## WORK REQUIRED
Your output should be the lines from the one containing "ALLOYWORKS 3 Row" through the last line below, both ends included, exactly as written and free of pictures.

## EXERCISE DATA
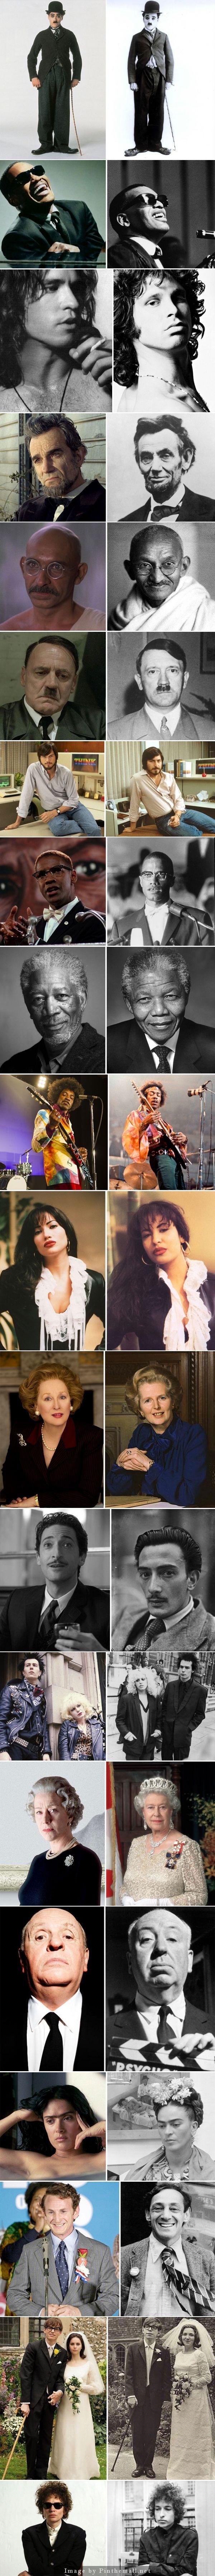 Szeretnél ámulni egy nagyot? Akkor nézd meg ezeket a híres embereket, és színész hasonmásaikat, akik eljátszották őket! :)
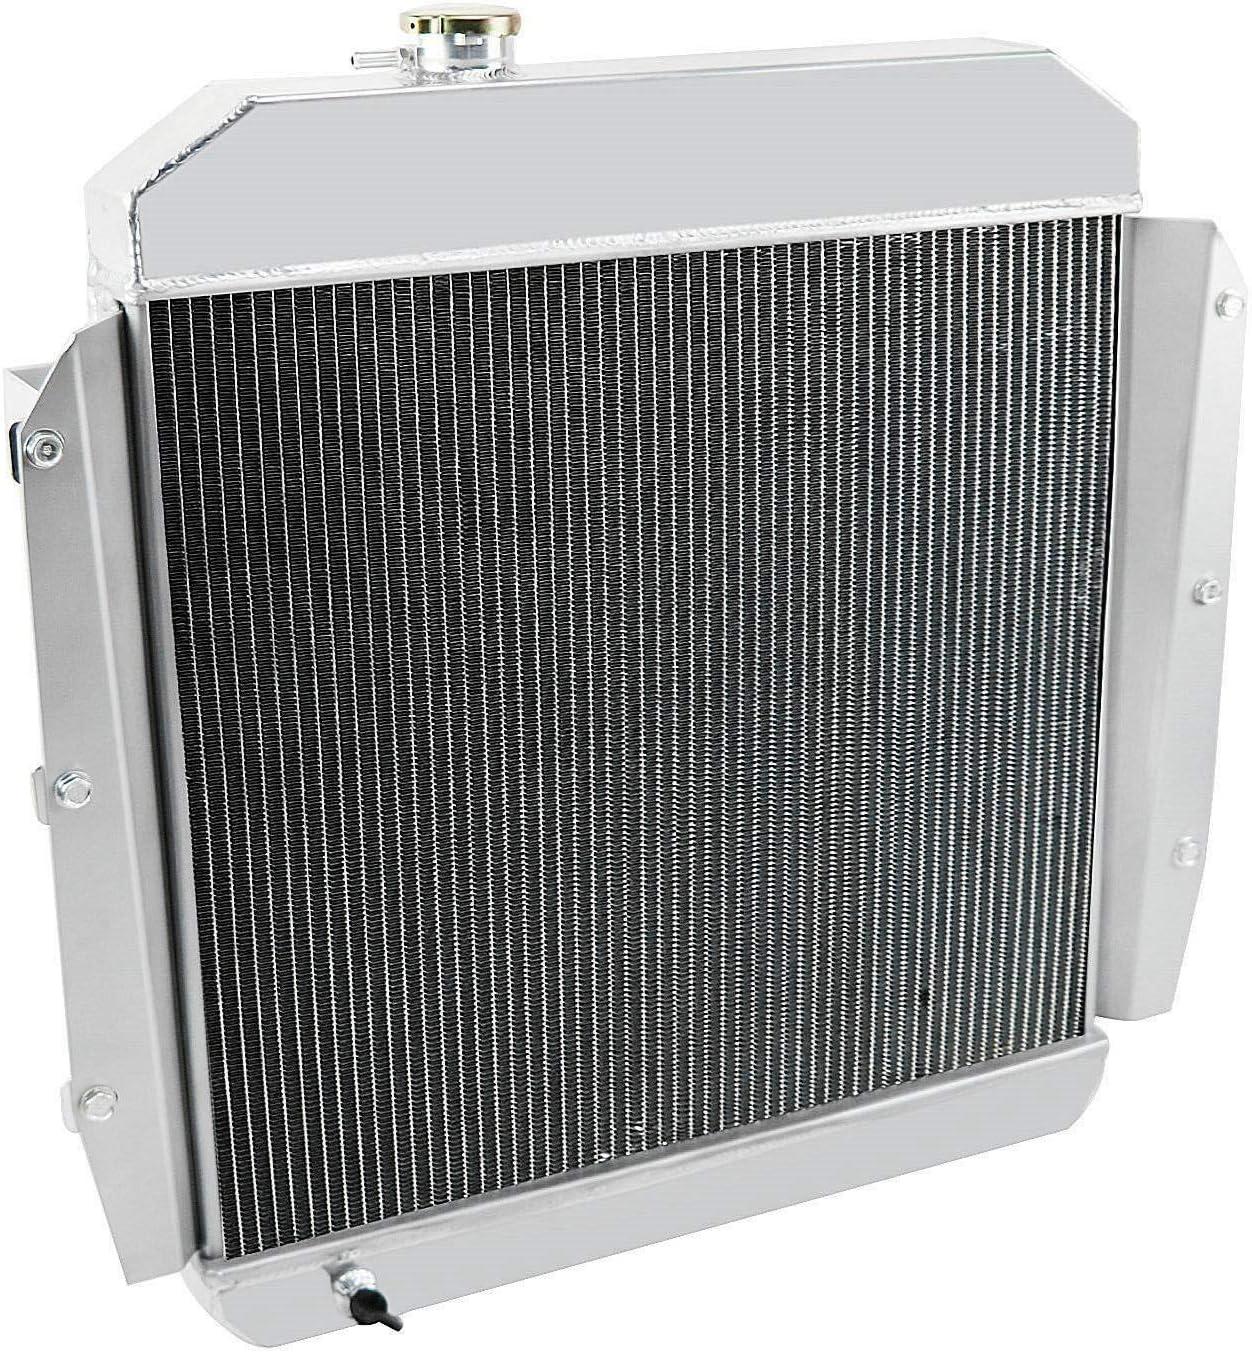 ALLOYWORKS 3 Row All Aluminum Radiator+Shroud Fan+Relay Fit For 1955 1956 1957 1958 1959 chevy GMC Truck Pickup Chevrolet Apache Base L6 V8
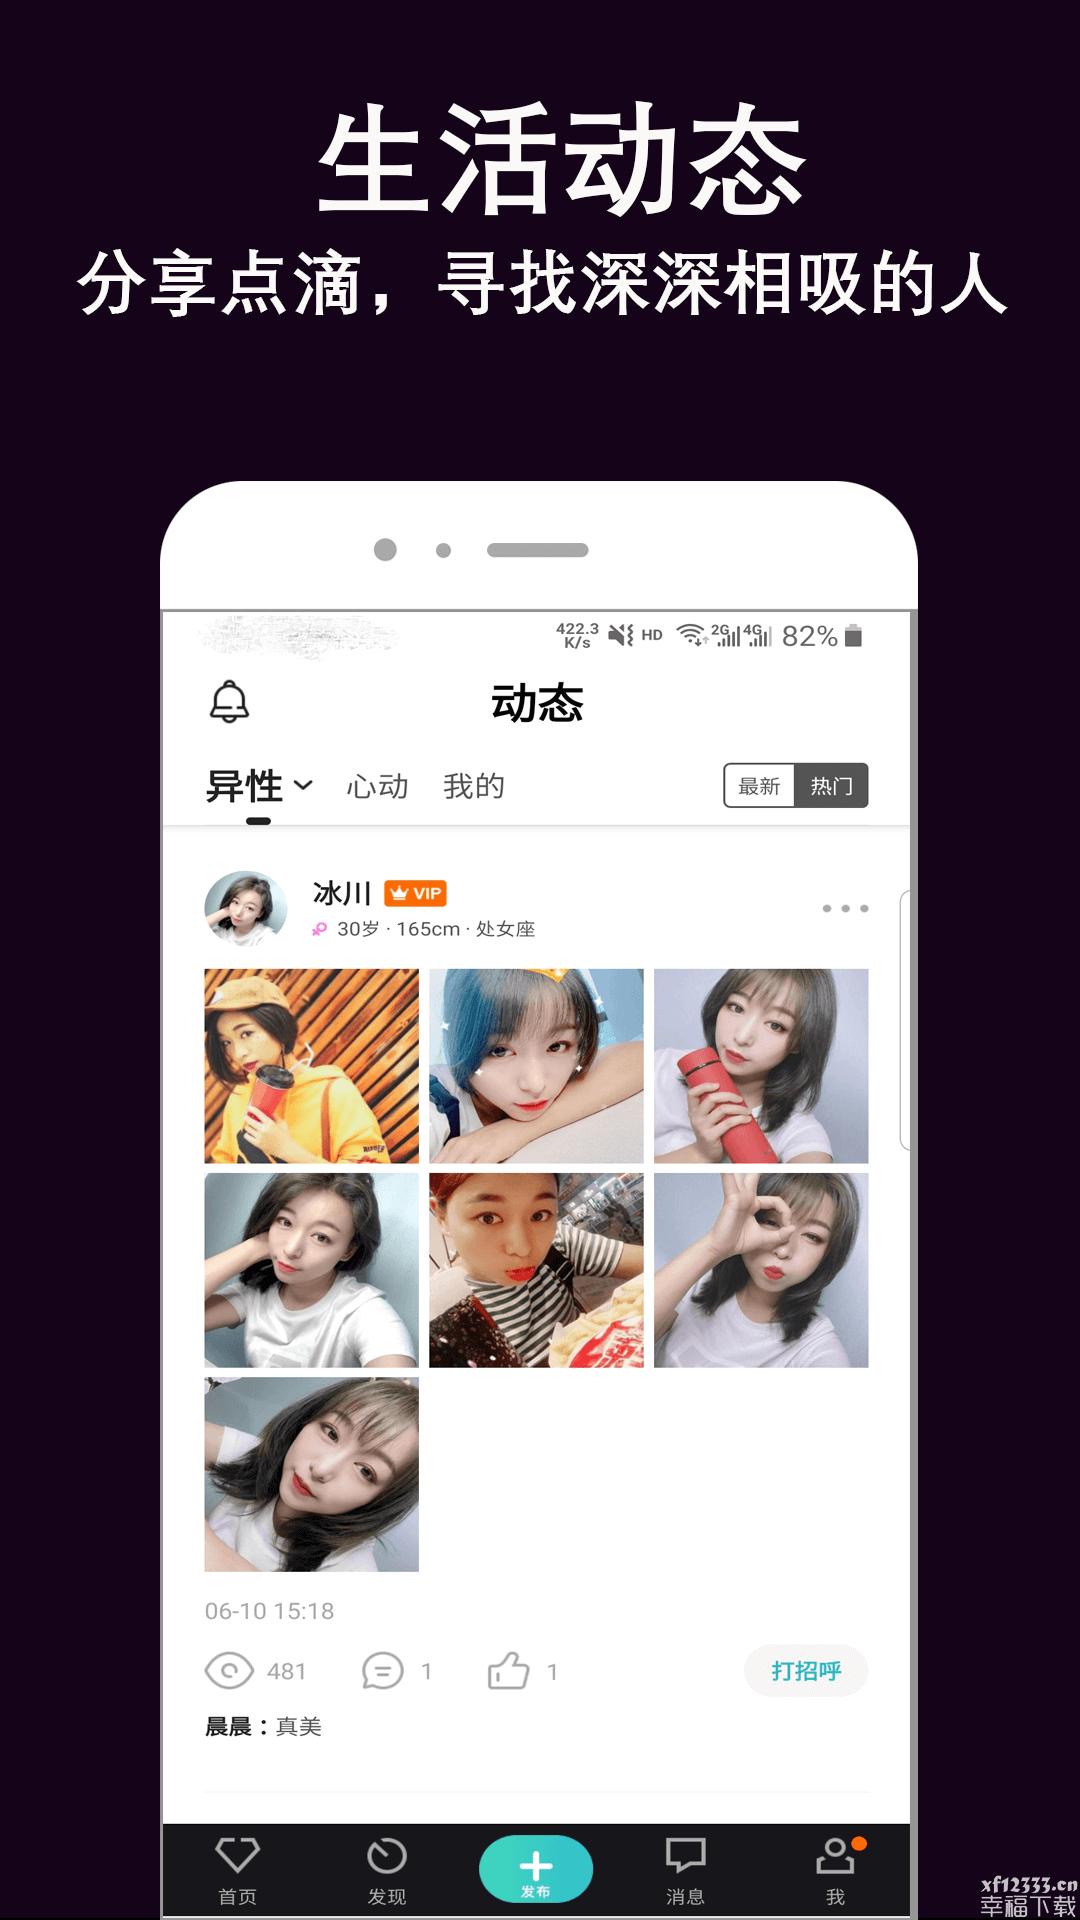 伊缘婚恋app下载_伊缘婚恋app最新版免费下载
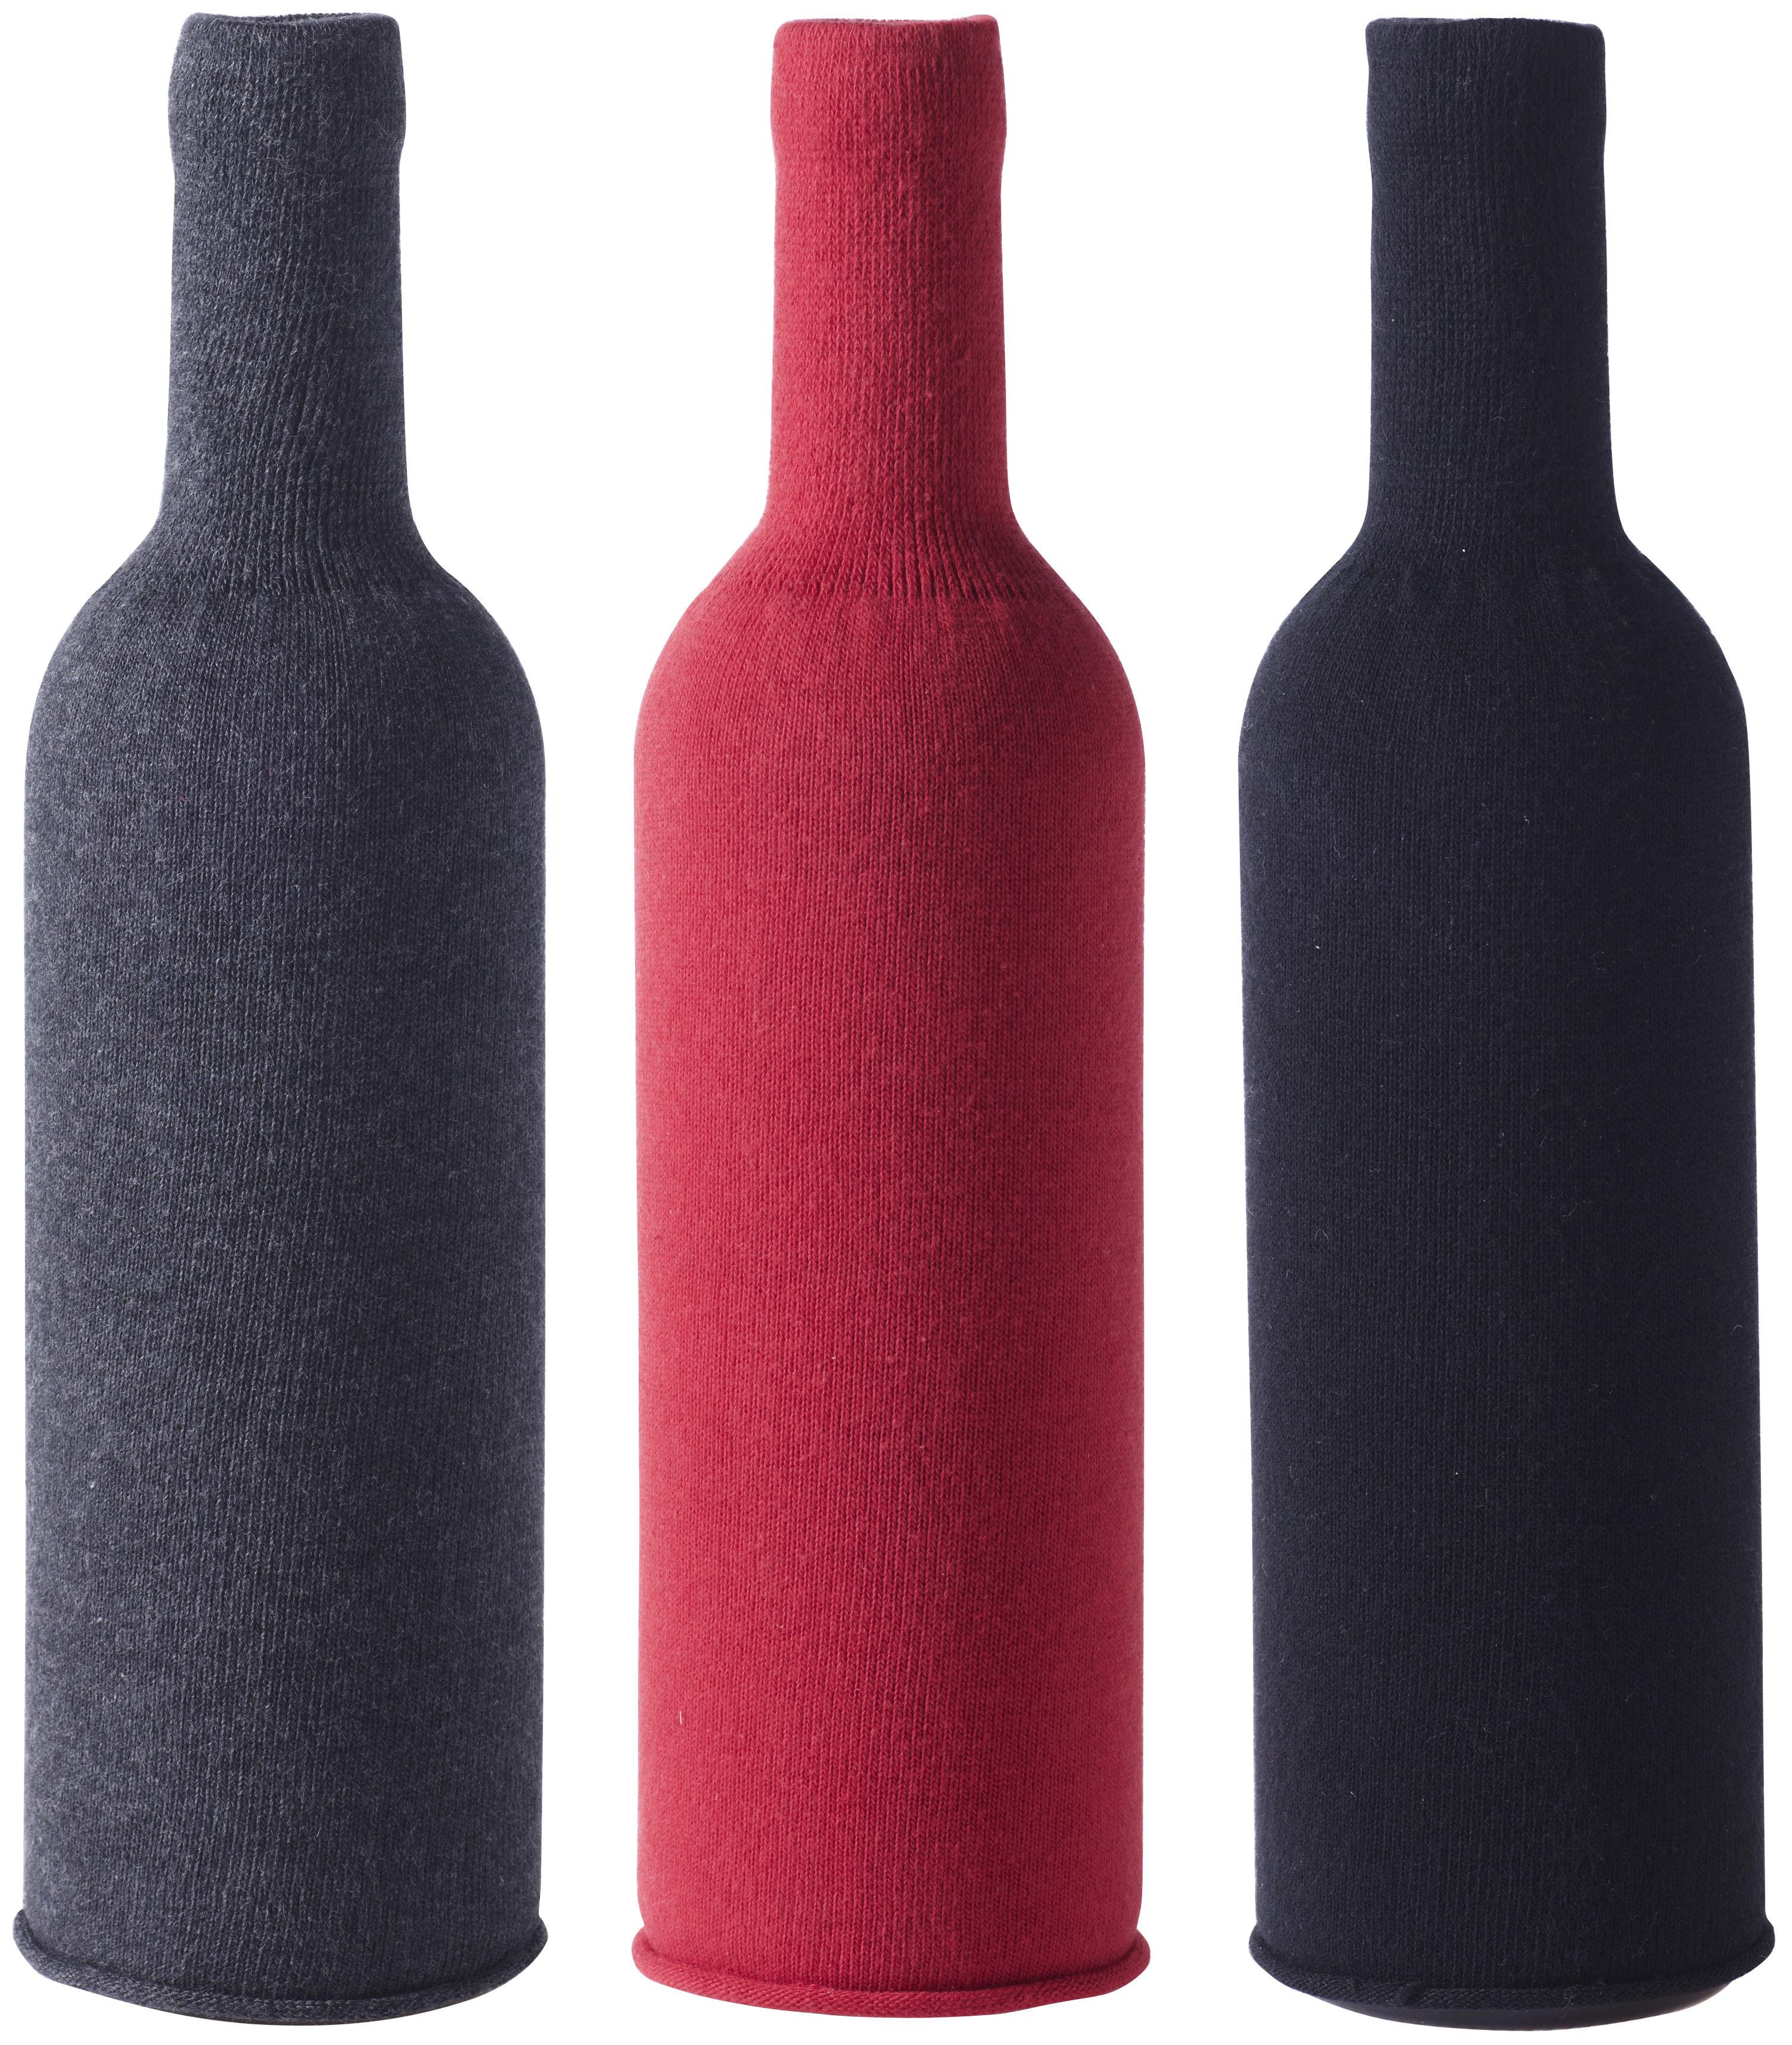 Tischkultur - Praktische Accessoires - Flaschenüberzug / 3er-Set - für Blindverkostungen - L'Atelier du Vin - Schwarz / anthrazit-grau / rot - Baumwolle, Elasthanne, Polyamid

## OUTPUT FOR THIS TASK
 ALLOYWORKS 3 Row All Aluminum Radiator+Shroud Fan+Relay Fit For 1955 1956 1957 1958 1959 chevy GMC Truck Pickup Chevrolet Apache Base L6 V8
 伊缘婚恋app下载_伊缘婚恋app最新版免费下载
 Tischkultur - Praktische Accessoires - Flaschenüberzug / 3er-Set - für Blindverkostungen - L'Atelier du Vin - Schwarz / anthrazit-grau / rot - Baumwolle, Elasthanne, Polyamid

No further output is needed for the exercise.